First thoughts

by Sergio Álvarez

Since the last post, I’ve been reading some interesting articles about an small module inside of text analysis / data mining: Based-Content Geolocation.
Once I decided to start my Master Thesis focused on Text Analysis, I had a meeting with my professor and other colleage-mate who is also interested in developing his project centered on Text Analysis.

On that meeting, the professor (@PFCdgayo) proposed us several topics related with his interest field, as well as a really nice set of articles supporting the topics’ understanding. After reading the abstract of all of them and have an exchange of ideas with him, I’ve taken the topic about Based-Content Geolocation. There are some important goals because this election:

  • Only 7% of global tweets are tagged with latitude and longitude (±60% are from USA)
  • Last studies reveal an interesting accuracy (±60%)
  • Posibilities for integrating several systems (Foursquare, Facebook check-in, Google+ check-in, etc.)

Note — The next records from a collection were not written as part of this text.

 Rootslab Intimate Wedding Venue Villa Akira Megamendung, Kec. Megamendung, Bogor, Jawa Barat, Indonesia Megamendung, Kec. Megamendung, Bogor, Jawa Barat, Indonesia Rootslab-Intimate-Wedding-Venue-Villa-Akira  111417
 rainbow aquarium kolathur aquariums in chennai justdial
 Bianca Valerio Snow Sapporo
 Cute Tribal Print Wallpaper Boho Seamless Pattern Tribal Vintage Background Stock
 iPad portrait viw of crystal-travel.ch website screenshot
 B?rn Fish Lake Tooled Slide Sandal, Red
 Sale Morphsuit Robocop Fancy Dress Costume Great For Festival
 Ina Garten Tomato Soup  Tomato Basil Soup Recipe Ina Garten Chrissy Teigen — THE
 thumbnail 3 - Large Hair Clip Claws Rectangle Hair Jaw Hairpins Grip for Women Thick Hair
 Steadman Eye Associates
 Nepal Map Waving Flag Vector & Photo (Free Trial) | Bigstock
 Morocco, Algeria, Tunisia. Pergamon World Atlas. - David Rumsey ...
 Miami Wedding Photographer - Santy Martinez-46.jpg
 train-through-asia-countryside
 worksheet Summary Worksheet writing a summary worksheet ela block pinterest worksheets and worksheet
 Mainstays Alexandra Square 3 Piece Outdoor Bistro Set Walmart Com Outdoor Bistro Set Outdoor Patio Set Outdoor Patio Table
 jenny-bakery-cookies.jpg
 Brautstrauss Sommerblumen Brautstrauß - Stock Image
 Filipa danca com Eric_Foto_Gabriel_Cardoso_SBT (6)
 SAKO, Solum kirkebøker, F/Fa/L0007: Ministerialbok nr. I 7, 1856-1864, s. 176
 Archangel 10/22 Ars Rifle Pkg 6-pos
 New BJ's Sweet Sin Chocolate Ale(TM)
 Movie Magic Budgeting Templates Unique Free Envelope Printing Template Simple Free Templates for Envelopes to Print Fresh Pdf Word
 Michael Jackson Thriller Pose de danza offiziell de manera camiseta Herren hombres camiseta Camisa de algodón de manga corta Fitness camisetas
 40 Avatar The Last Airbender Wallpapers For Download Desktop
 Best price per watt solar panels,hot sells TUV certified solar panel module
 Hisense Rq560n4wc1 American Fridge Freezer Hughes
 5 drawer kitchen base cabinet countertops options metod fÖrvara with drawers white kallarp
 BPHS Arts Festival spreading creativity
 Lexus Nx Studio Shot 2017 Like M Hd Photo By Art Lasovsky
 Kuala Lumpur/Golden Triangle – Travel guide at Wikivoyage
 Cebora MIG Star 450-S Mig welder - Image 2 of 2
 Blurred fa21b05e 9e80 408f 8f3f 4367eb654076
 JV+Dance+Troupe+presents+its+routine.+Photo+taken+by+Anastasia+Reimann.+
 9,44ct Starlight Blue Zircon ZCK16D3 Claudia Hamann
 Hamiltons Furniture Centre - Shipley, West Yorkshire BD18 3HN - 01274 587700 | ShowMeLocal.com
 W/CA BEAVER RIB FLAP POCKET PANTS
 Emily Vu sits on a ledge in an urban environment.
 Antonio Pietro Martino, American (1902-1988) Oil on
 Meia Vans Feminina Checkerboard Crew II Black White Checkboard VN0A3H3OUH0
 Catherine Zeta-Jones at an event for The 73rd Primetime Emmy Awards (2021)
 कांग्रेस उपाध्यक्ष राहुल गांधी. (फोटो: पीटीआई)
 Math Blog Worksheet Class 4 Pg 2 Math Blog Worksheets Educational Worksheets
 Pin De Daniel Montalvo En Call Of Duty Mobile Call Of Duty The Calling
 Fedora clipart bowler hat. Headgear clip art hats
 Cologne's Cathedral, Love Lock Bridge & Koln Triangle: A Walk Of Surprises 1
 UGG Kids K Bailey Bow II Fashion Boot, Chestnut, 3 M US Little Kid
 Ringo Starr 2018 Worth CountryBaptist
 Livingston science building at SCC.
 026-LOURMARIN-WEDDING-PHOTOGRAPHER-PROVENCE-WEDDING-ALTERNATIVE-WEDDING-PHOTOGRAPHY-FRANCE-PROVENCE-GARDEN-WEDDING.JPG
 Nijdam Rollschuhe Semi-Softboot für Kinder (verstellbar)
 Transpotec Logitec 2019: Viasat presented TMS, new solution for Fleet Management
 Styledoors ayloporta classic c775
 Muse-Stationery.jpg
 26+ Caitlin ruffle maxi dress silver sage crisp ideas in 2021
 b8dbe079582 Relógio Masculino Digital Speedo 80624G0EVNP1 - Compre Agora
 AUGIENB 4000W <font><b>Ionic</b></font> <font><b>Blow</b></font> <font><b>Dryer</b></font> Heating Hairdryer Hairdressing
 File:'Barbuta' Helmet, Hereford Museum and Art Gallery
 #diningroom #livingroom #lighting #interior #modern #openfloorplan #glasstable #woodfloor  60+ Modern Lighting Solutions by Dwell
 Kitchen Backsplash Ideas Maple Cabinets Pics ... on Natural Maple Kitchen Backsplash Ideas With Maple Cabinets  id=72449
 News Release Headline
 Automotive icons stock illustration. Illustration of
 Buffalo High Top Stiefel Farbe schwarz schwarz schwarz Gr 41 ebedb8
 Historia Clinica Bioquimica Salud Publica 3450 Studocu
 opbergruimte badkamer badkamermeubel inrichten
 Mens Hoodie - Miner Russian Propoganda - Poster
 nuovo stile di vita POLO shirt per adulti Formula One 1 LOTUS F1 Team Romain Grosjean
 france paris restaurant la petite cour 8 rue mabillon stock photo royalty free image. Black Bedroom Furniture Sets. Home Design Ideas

After reading, more or less, the 80% of all the articles proposed, I have seen that there are two main branches for facing the problem. On one hand, some investigators have focused their efforts in developing algorithms responsible for finding discriminatory words related with one place. For instance, “guaje” is an spanish word specially used by spaniards from Asturias, so there is a high probability that one tweet which contains that word have been written from that region. Because of this, some of these algorithms are specially developed for finding this kind of words and determine the tweet (or any text) location based on this prediction.

On the other hand, other investigators have been focused on integrating different location systems for being able to infer the geolocation of any tweet. On this type of studies, is specially important the user history. The system develops a history of the user’s locations based on his post on Twitter tagged by other location services as Foursquare among others. Their results are based in the probability that one user who has the most of his post tagged from one place, is because he is actually from that place.

For my Master Thesis I want to start from the idea of trying to mix both scopes, for being able to obtain a higher accuracy and reduce dependencies.